一些实验室试图根据主要神经元通常更长的尖峰持续时间和自相关函数(ACF)更快的衰减来区分它们。然而,尖峰持续时间和细胞类型之间的关系对于单个神经元来说并不一定成立。在被称为 “喋喋不休细胞” 的锥体细胞中以及在锥体束和猕猴腹侧前运动皮层的主要细胞中都观察到了短动作电位。在我们之前对新生小鼠新皮层长期培养物进行的多电极阵列(MEA)记录研究中,我们也发现尖峰持续时间和自相关图之间经常存在不一致的情况。因此,为了对兴奋性和抑制性细胞进行聚类,我们要么依赖自相关图,要么依赖法诺因子(FF),即定义时间窗口内尖峰计数的方差与均值之比。使用 FF 使我们能够有效地将单元分类为两个簇,这两个簇的比例与通过不同方法确定的锥体细胞和中间神经元的典型比例一致。此外,在人体中进行的体内 MEA 实验表明,在规则放电(推测为锥体)和快速放电(推测为抑制性)细胞中观察到的尖峰波形差异伴随着不同的自相关函数(ACF)、变异系数(CV)和放电率(SR)。

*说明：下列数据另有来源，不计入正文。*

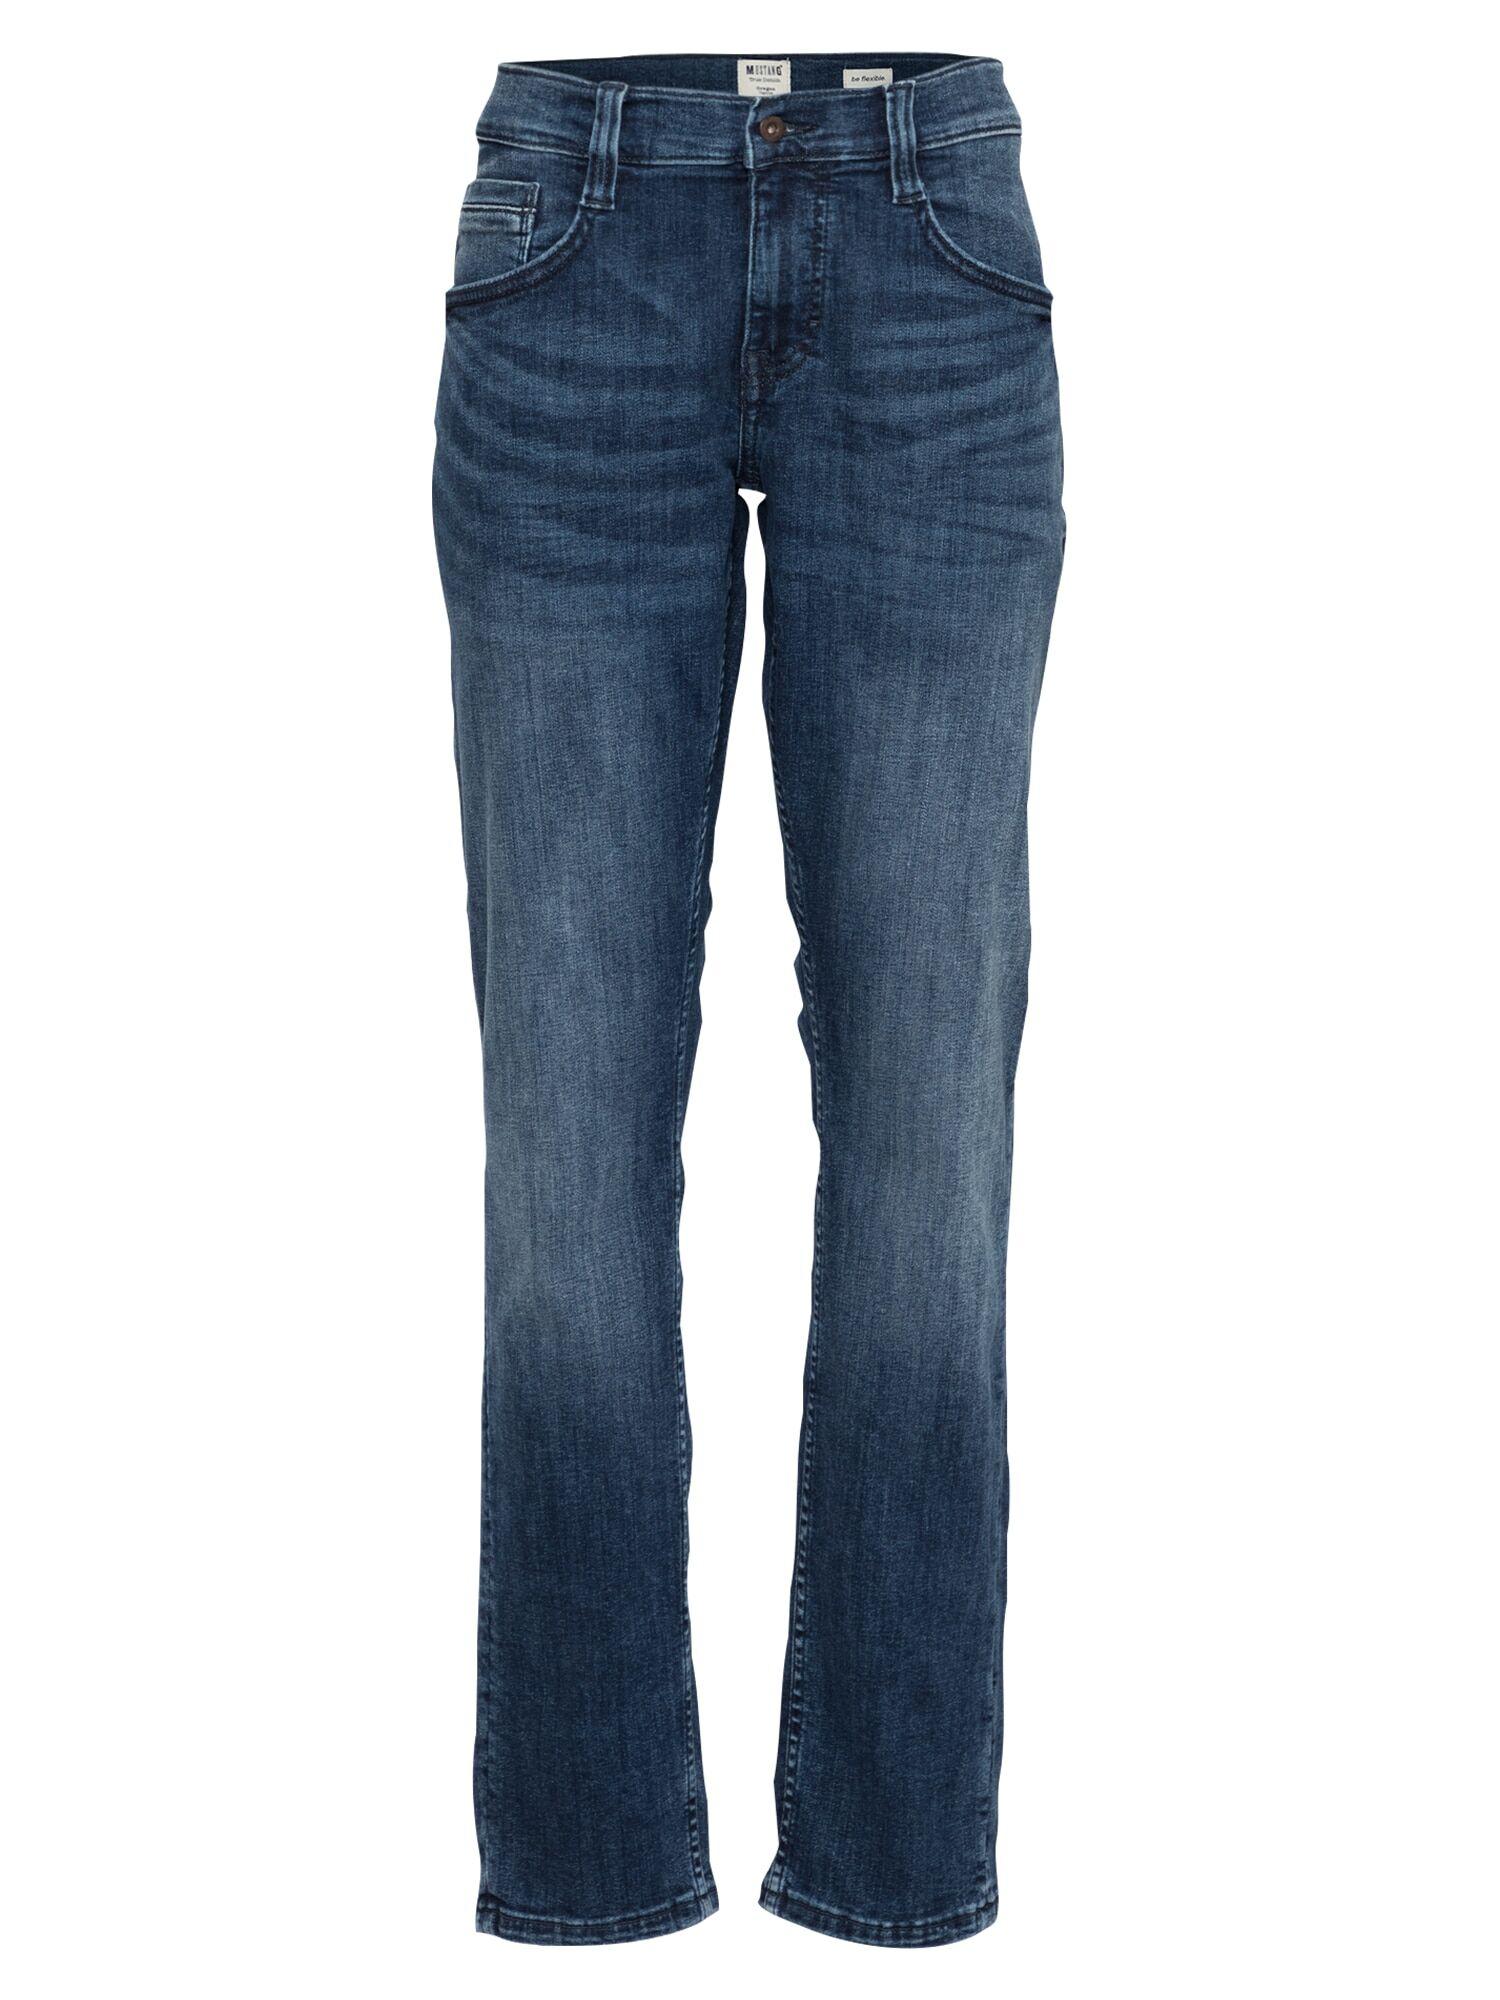 MUSTANG Jean 'Oregon'  - Bleu - Taille: 38/34 - male

然而,在细胞外多阵列记录中,仍然缺乏能够可靠区分兴奋性神经元和抑制性神经元的明确统计参数。在本文中,我们将从单细胞电极记录的尖峰与相应神经元在体外的神经化学性质相关联,而目前在体内无法进行这样的操作。我们使用了表达与绿色荧光蛋白(GFP)融合的谷氨酸脱羧酶异构体 GAD67 的小鼠。GAD67 是一种 γ- 氨基丁酸(GABA)合成酶,通常与异构体 GAD65 以不同比例共表达于 GABA 能细胞中。之前已有其他研究人员对 GAD67-GFP 基因敲入小鼠进行了表征。绝大多数的 GFP 阳性细胞表达 GABA 能标记物。此外,膜片钳记录显示所有 GFP 阳性神经元在功能上都是 GABA 能的。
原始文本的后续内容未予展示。